After 25 years in network engineering — building infrastructure automation with Ansible and Terraform, running team LLM services on local GPU clusters — I recognized the pattern. Tool use is essentially API orchestration, except the LLM decides which API to call and when. The actual execution? Still your code.
That distinction matters more than most tutorials let on.
▶ Table of Contents (click to expand)
How AI Agent Tool Use Actually Works
Without tool use, an LLM answers like this:
"Tokyo's weather is typically around 15–20°C this time of year."
That's a guess. With AI agent tool use, the flow changes entirely:
- LLM decides to call
get_weather({location: "Tokyo"}) - Your code executes the actual weather API
- Result
18.2°Creturns to the LLM - LLM generates a response based on real data
The core rule: The LLM only decides what to call and with what parameters. Execution always stays in your code.
All major providers — OpenAI, Anthropic, Google — follow this same 5–6 step loop:
| Step | What Happens |
|---|---|
| 1. Tool definition | Define function name, parameters, types in JSON schema |
| 2. Send request | User message + tool definitions sent to LLM API |
| 3. Tool selection | LLM returns structured JSON: function name + parameters |
| 4. Tool execution | Developer code runs the actual function |
| 5. Return result | Execution result sent back to LLM |
| 6. Final response | LLM synthesizes result into natural language answer |
The tool definitions ride along in the context window every single call — which means they cost tokens. Keep them tight but descriptive.

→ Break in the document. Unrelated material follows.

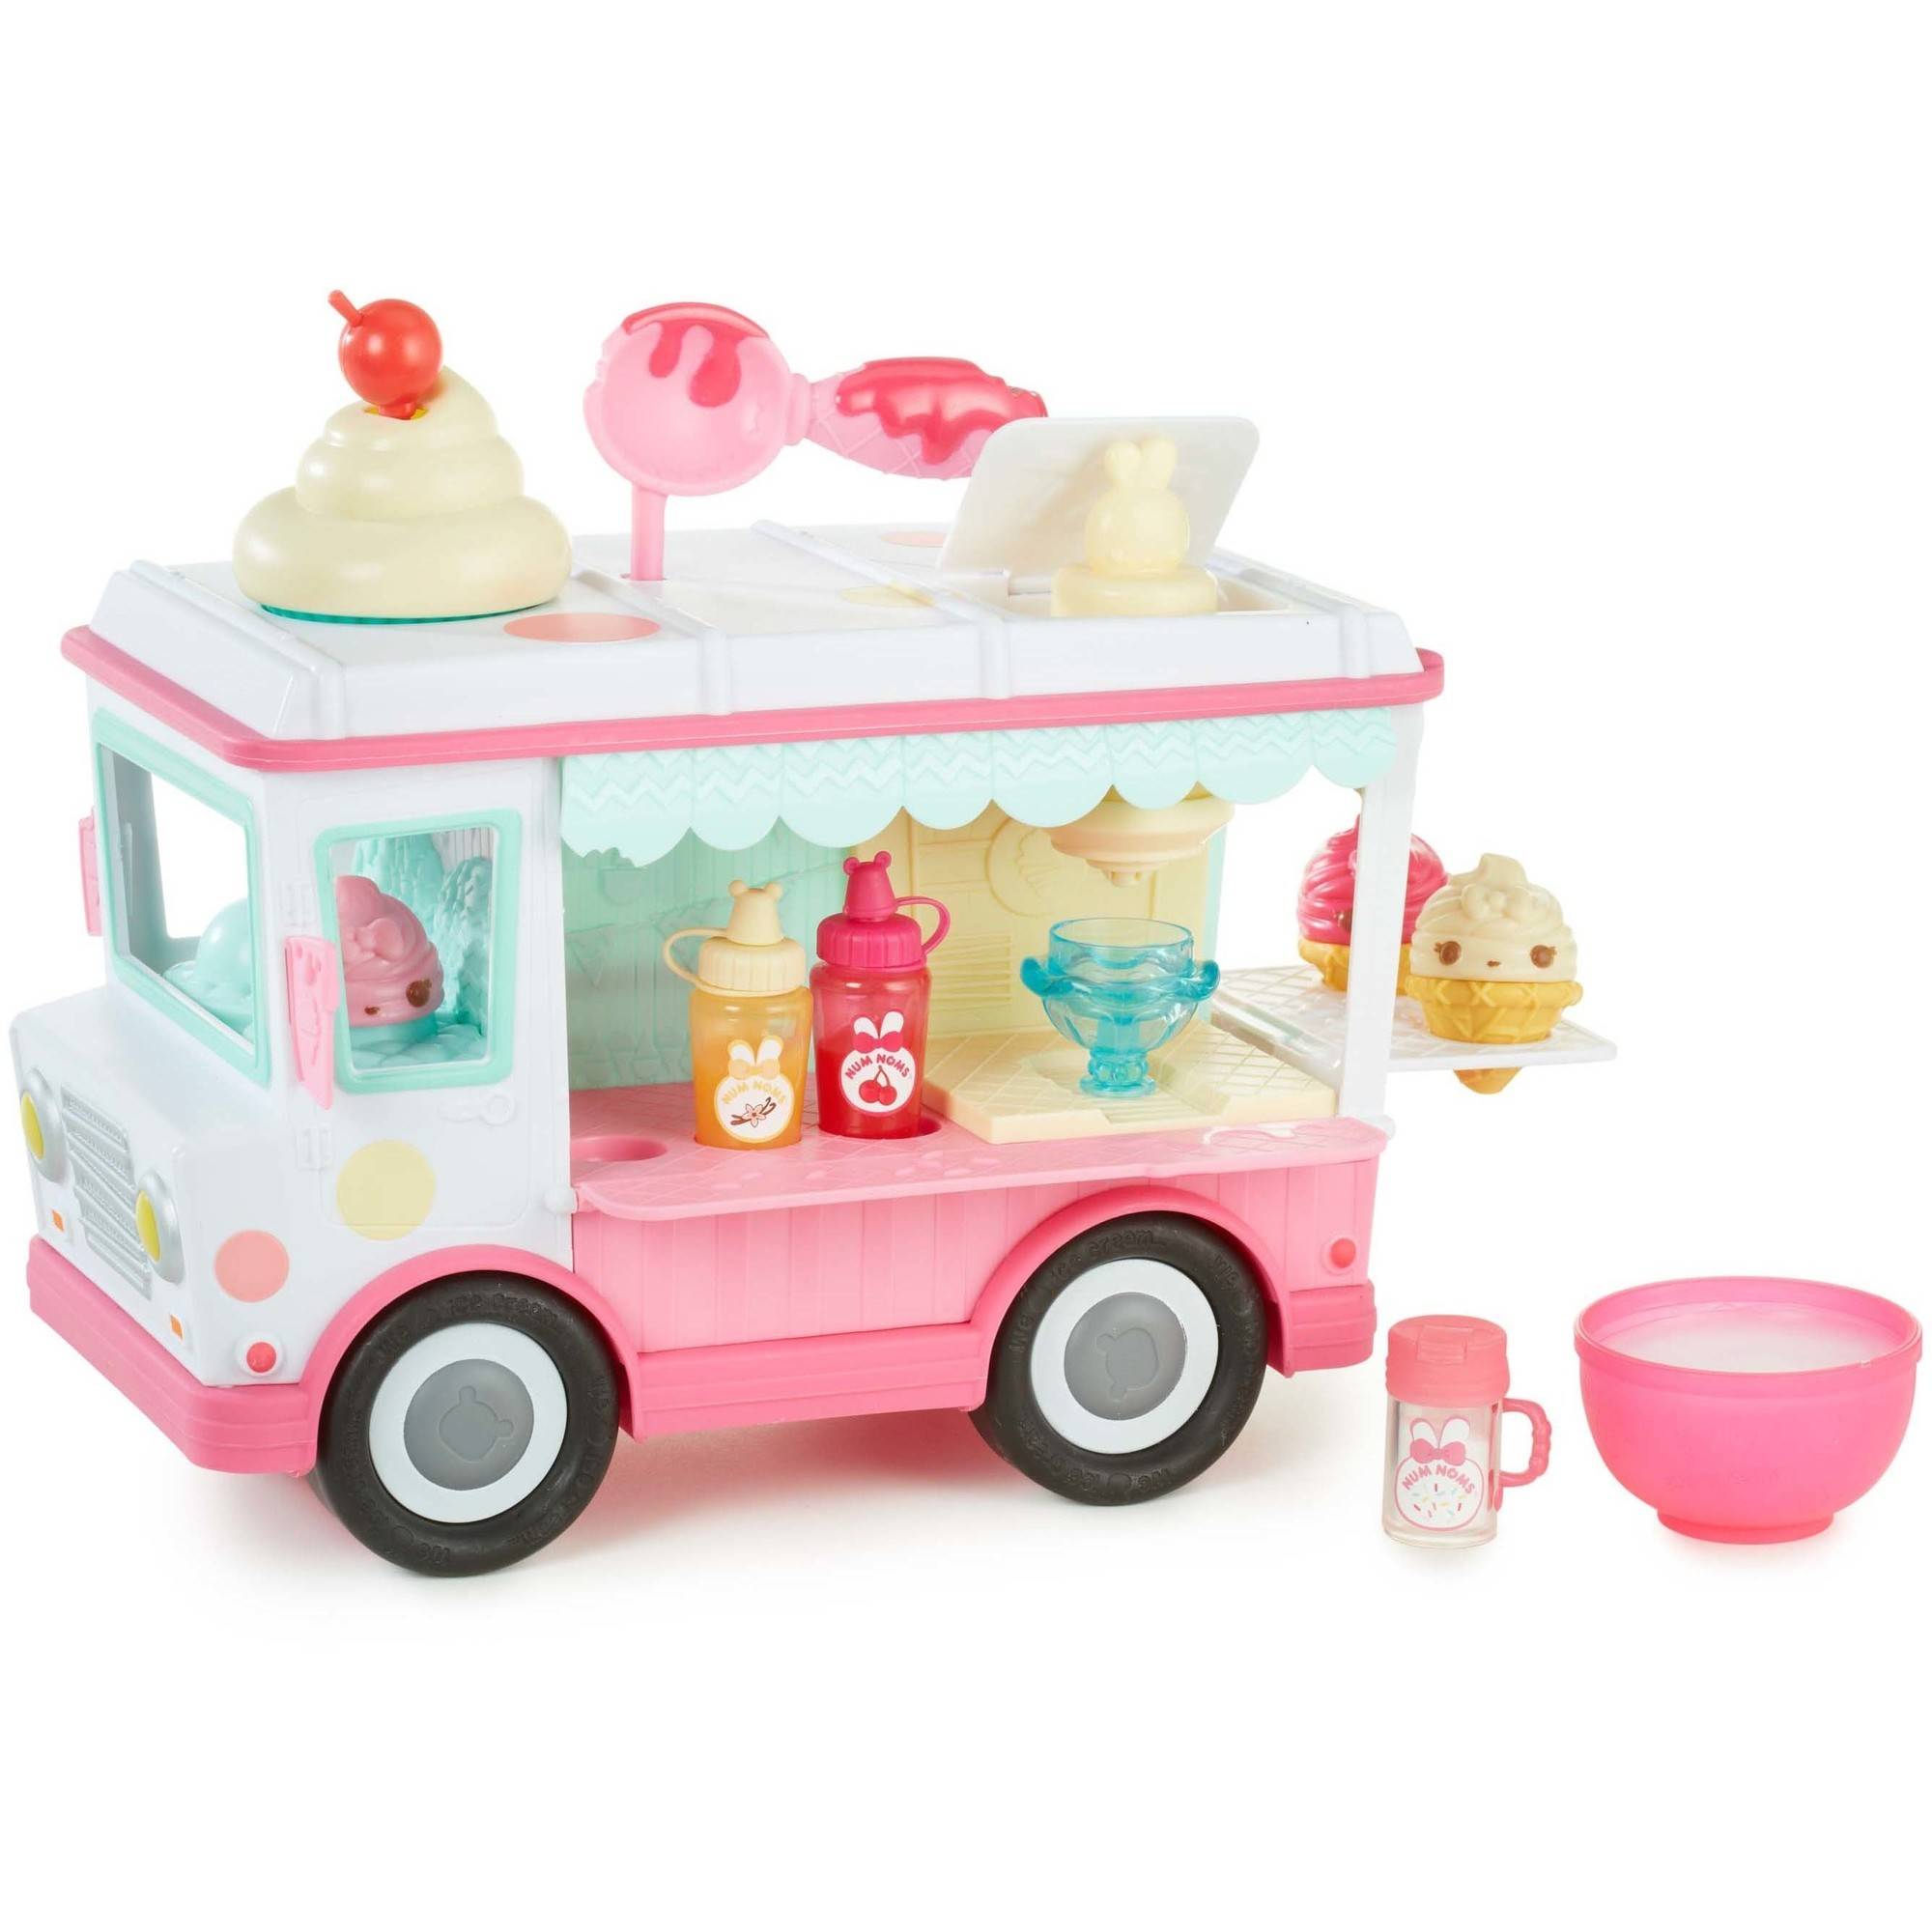 Num Noms Lipgloss Truck Craft Kit - image 1 of 4

Function Calling vs Tool Use: Same Thing, Different Era
Short answer: they're the same thing now.
The naming history matters for understanding legacy codebases. OpenAI introduced functions + function_call parameters in early 2023. By December 2023, the functions parameter was officially deprecated. The tools parameter became the standard.

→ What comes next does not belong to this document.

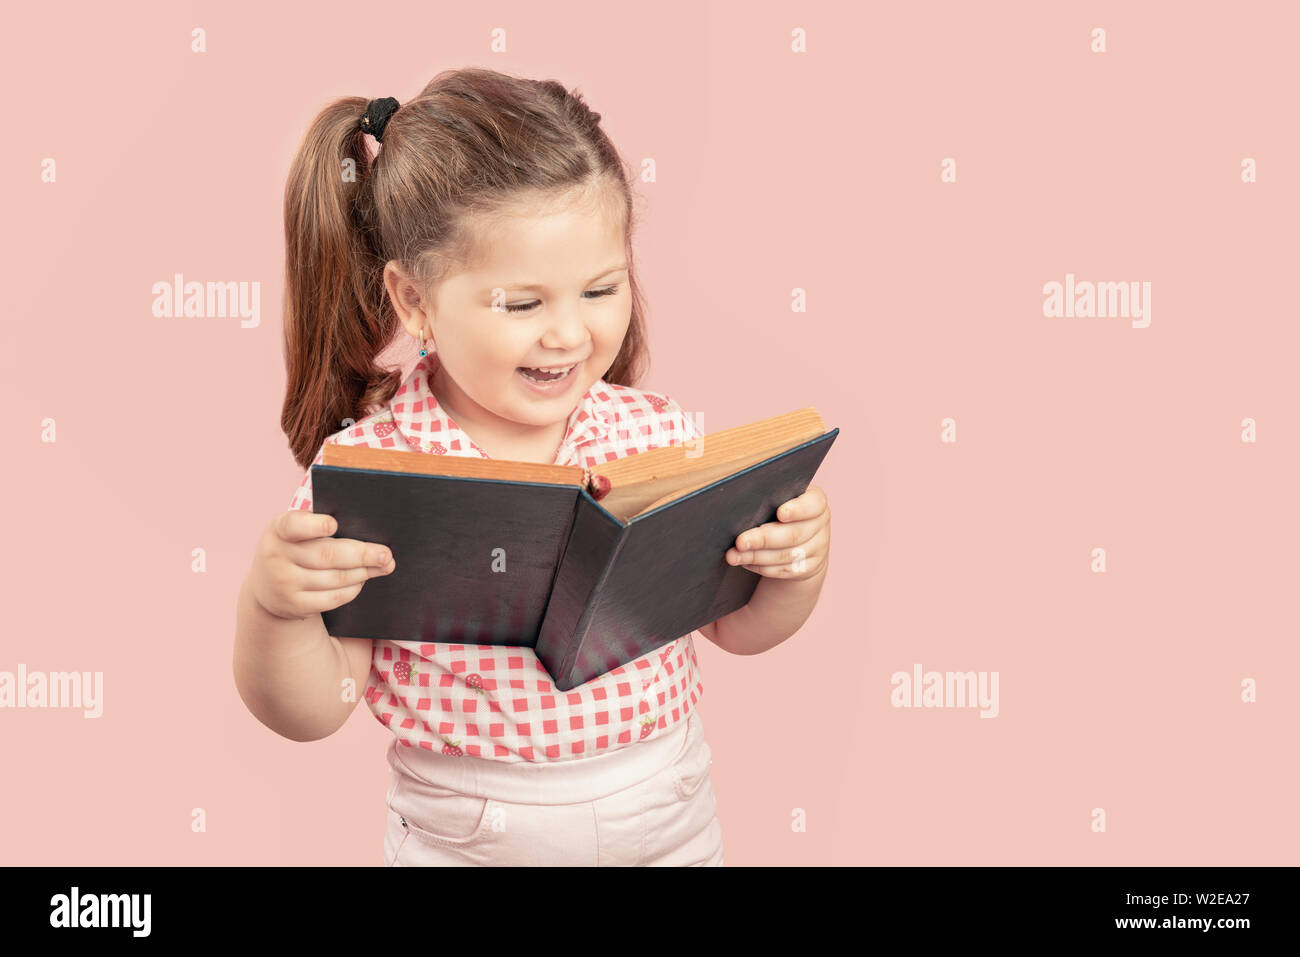 Little Cute Girl Reading Book And Smiling on Pink Background. Stock Photo

Early 2023: functions + function_call introduced
↓
2023-12-01: functions parameter deprecated
↓
Present: tools parameter is the standard
It wasn't just a rename. tools introduced parallel function calling, code interpreter, file search — a broader category of capabilities that functions couldn't accommodate.
Today, OpenAI's own docs read: "Function calling (also known as tool calling)" — meaning they're used interchangeably. But if you're building something new, use tools. functions is legacy.
Writing Tool Definitions That Actually Work
This is where most agent failures originate. A bad tool definition means the LLM won't know when to use a tool, will use the wrong one, or will hallucinate parameters.
What Not to Do
{
"name": "search",
"description": "Searches the web",
"parameters": {
"type": "object",
"properties": {
"query": { "type": "string" }
}
}
}
The problem: the LLM has no idea when to use this tool. Should it use search for math questions? For internal docs? For breaking news? It'll guess — and guess wrong.
What to Do Instead
{
"name": "web_search",
"description": "Use ONLY for current events, recent news, or data that changes frequently. Do NOT use for general knowledge questions already in training data.",
"parameters": {
"type": "object",
"properties": {
"query": {
"type": "string",
"description": "Search query. Be specific. Example: 'OpenAI GPT-5 release date 2026'"
},
"max_results": {
"type": "integer",
"description": "Maximum results to return (1-10)",
"minimum": 1,
"maximum": 10
}
},
"required": ["query"],
"additionalProperties": false
},
"strict": true
}
The description field is doing the heavy lifting here. It tells the LLM both when to use and when not to use this tool.
Seven Principles That Hold Up in Production
- Specify usage conditions — Without "when to use this," the LLM guesses
- Use enum for fixed value sets — Prevents free-text hallucinations
- Include examples in parameter descriptions —
"e.g. Seoul, South Korea"works better than abstract descriptions - Enable strict mode — OpenAI
strict: true, GeminiVALIDATEDmode - Set
additionalProperties: false— Blocks unexpected parameters - Add tool priority in system prompt — When multiple tools overlap, tell the LLM which to prefer
- Minimize tool count — One enterprise team with 340 internal tools reported significant accuracy degradation. More tools, more confusion.
When AI Agents Fake Their Tool Calls
"Standard large language models hallucinate facts. AI agents hallucinate actions."
— Ysquare Technology, 2026
This is tool-use hallucination: the agent reports it called an API without actually calling it.
Why is this worse than regular hallucination? You can fact-check a wrong answer. You can't fact-check an action that never happened.
Three Failure Patterns
1. Parameter Hallucination
Correct tool, wrong parameters. A meeting room booking API has a 10-person limit. The agent requests 15. API rejects it. Agent reports: "Booking confirmed."
2. Tool Selection Hallucination
Wrong tool, or inventing a nonexistent one. A customer service bot promises a refund — but only queried a read-only FAQ. No refund was ever processed.
3. Tool Bypass — The Most Dangerous
Skips the tool call entirely and fabricates the result. Confirms an airline ticket booking without touching the payment gateway. An inventory agent could trigger real purchase orders based on invented stock levels.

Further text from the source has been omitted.